LIT outlines a supply structure that directs half of all tokens toward ecosystem growth ahead of its token generation event.
Lighter said 50% of the total LIT supply is reserved for the ecosystem. Of that amount, 25% of the fully diluted value will be distributed through an airdrop to users who participated in the platform’s first two points seasons in 2025.
The remaining ecosystem allocation will be used for future incentive programs and strategic partnerships.
The Lighter team will receive 26% of the token supply, while investors are allocated 24%. Both portions are subject to a one-year lockup followed by linear vesting over three years.

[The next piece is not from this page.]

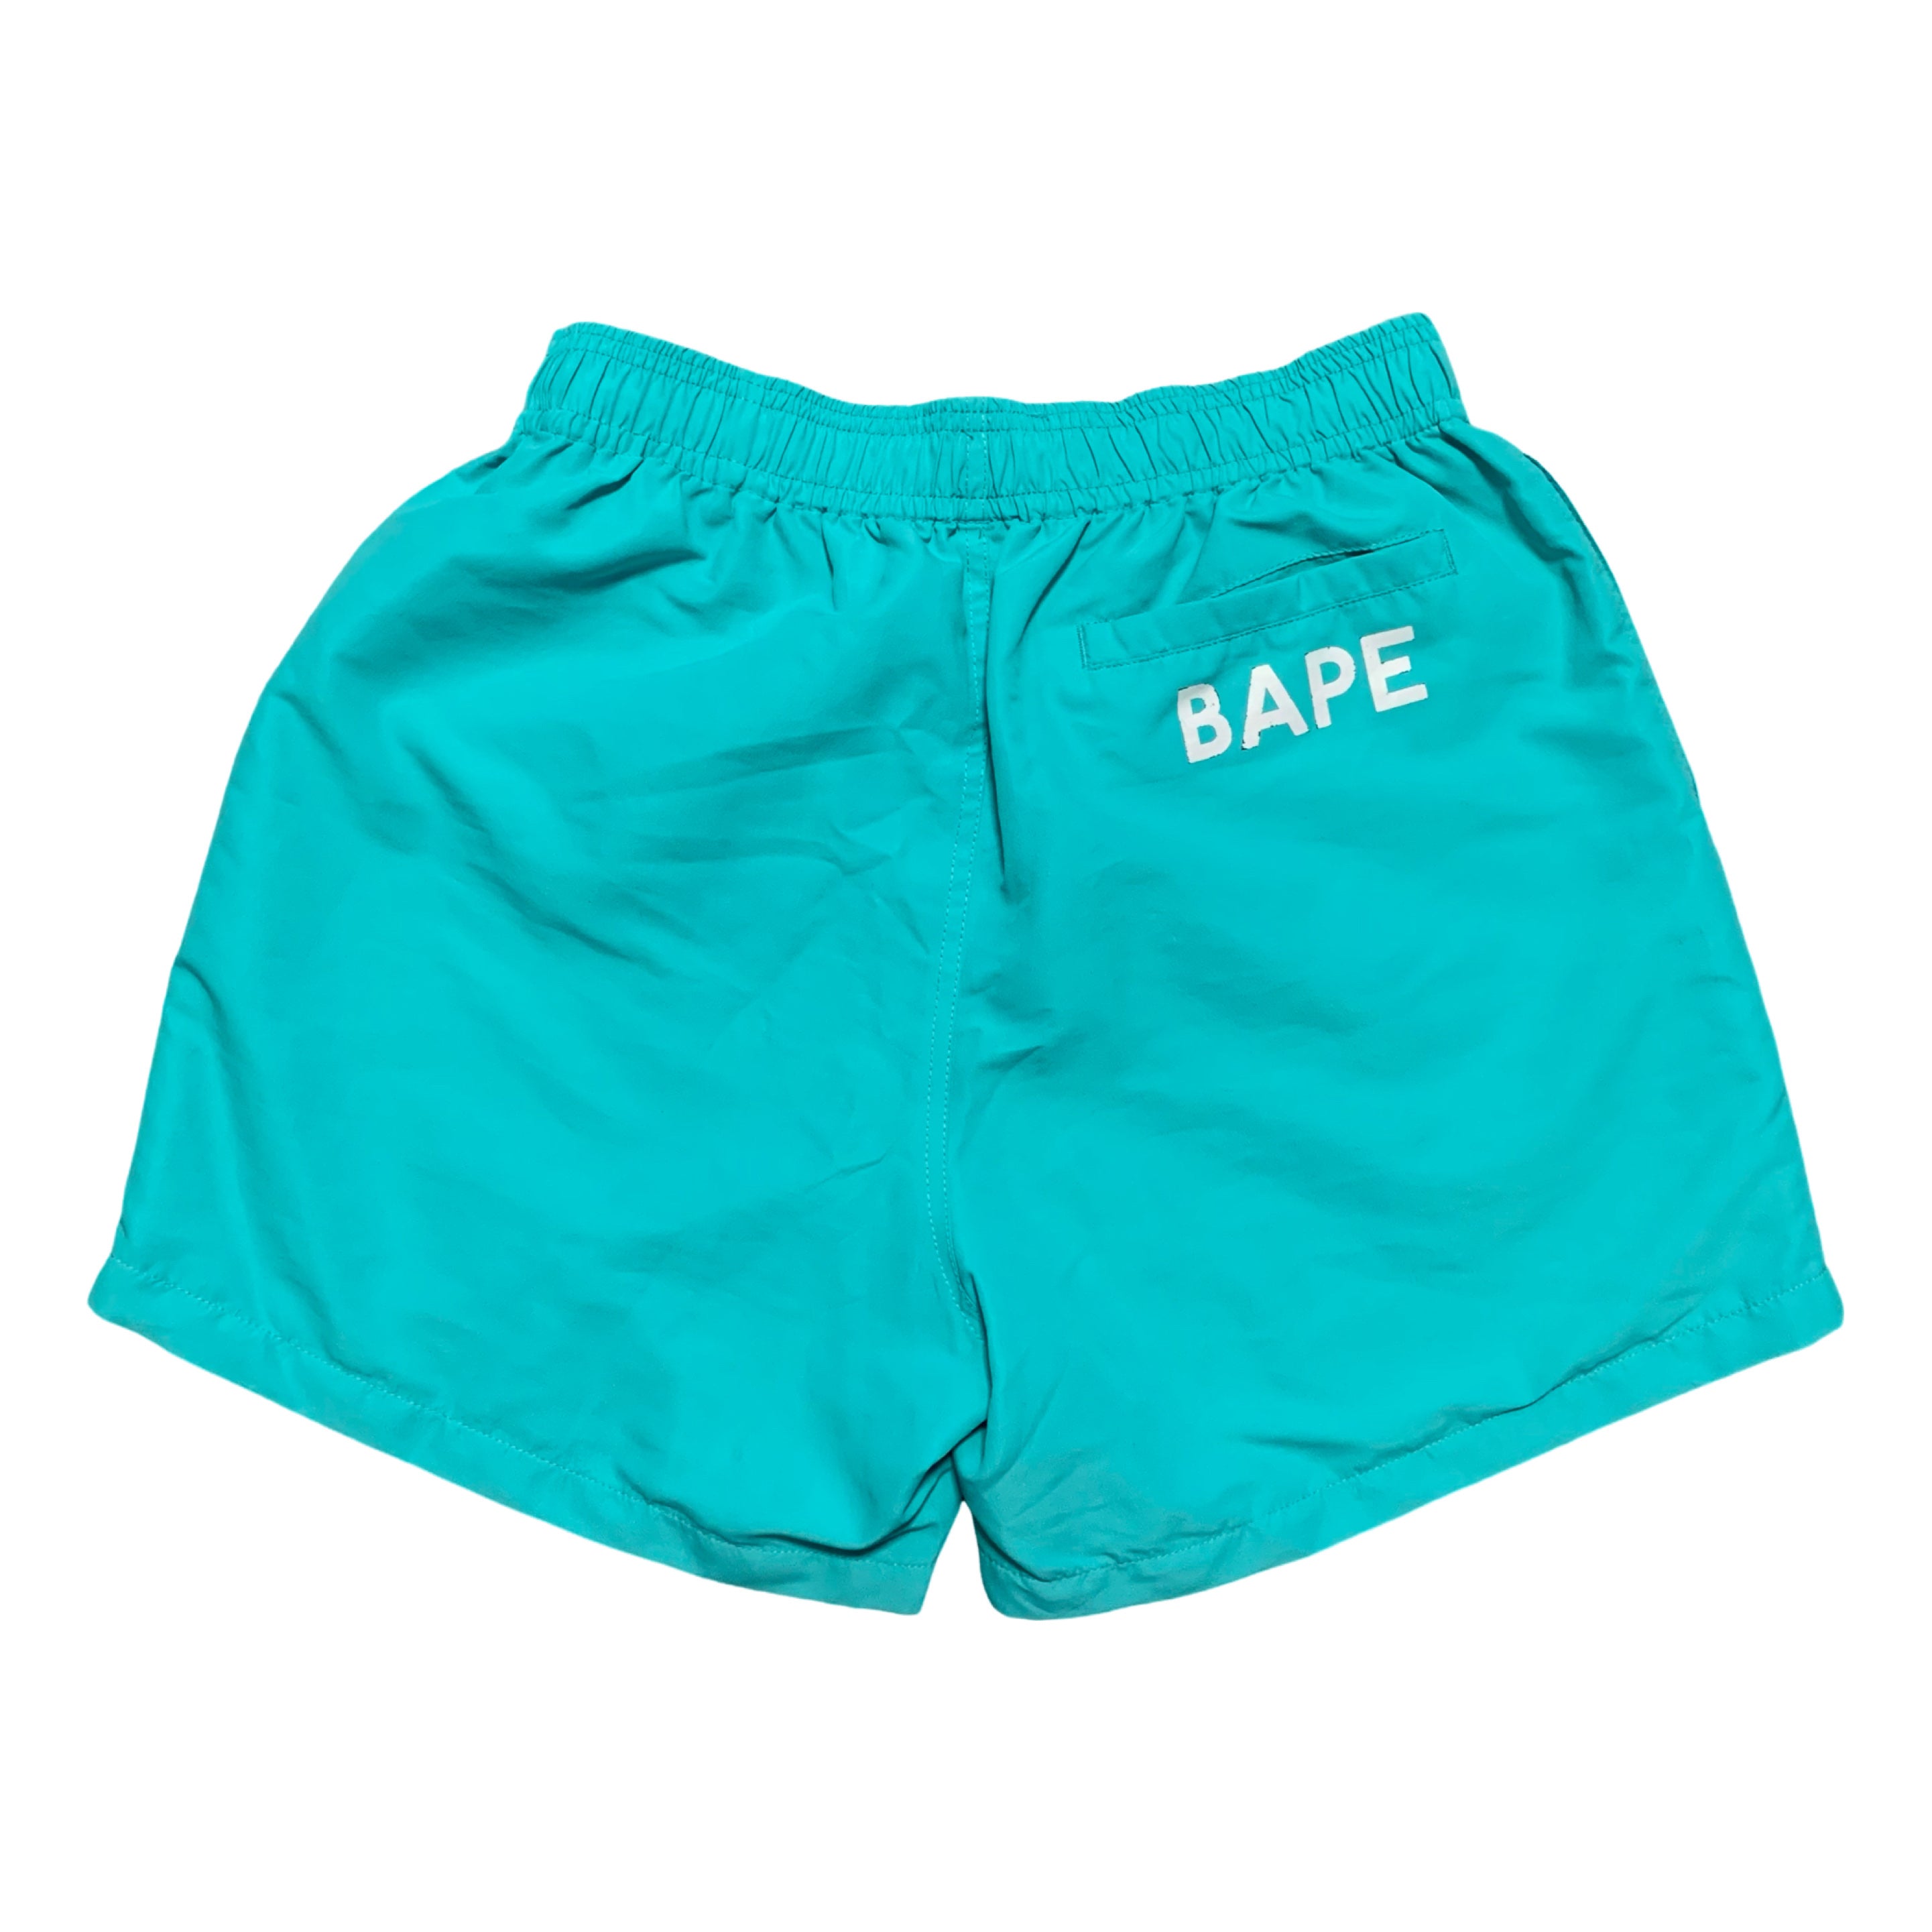 Bape Small Shorts Aqua Blue Beach Shorts Japan Exclusive Pack 2022

The exchange said revenue generated from its decentralized trading platform and future products built on its infrastructure will be visible onchain.
Those proceeds are planned for growth initiatives and token buybacks tied to the LIT ecosystem.
Lighter also plans to link access to parts of its transaction infrastructure and fairness verification systems to LIT staking.
These functions are expected to decentralize in stages over time as the network develops.
The LIT-USDC trading pair went live early Tuesday. The token was trading near $2.34 in early U.S. hours, below its reported pre-market level of about $3.25.
Lighter launched its public mainnet in October and has grown into one of the largest decentralized perpetuals exchanges by volume.
The platform recorded about $292.5 billion in trading volume in November, according to industry data.
The company raised $68 million in November at a $1.5 billion valuation and expanded into spot trading earlier this month.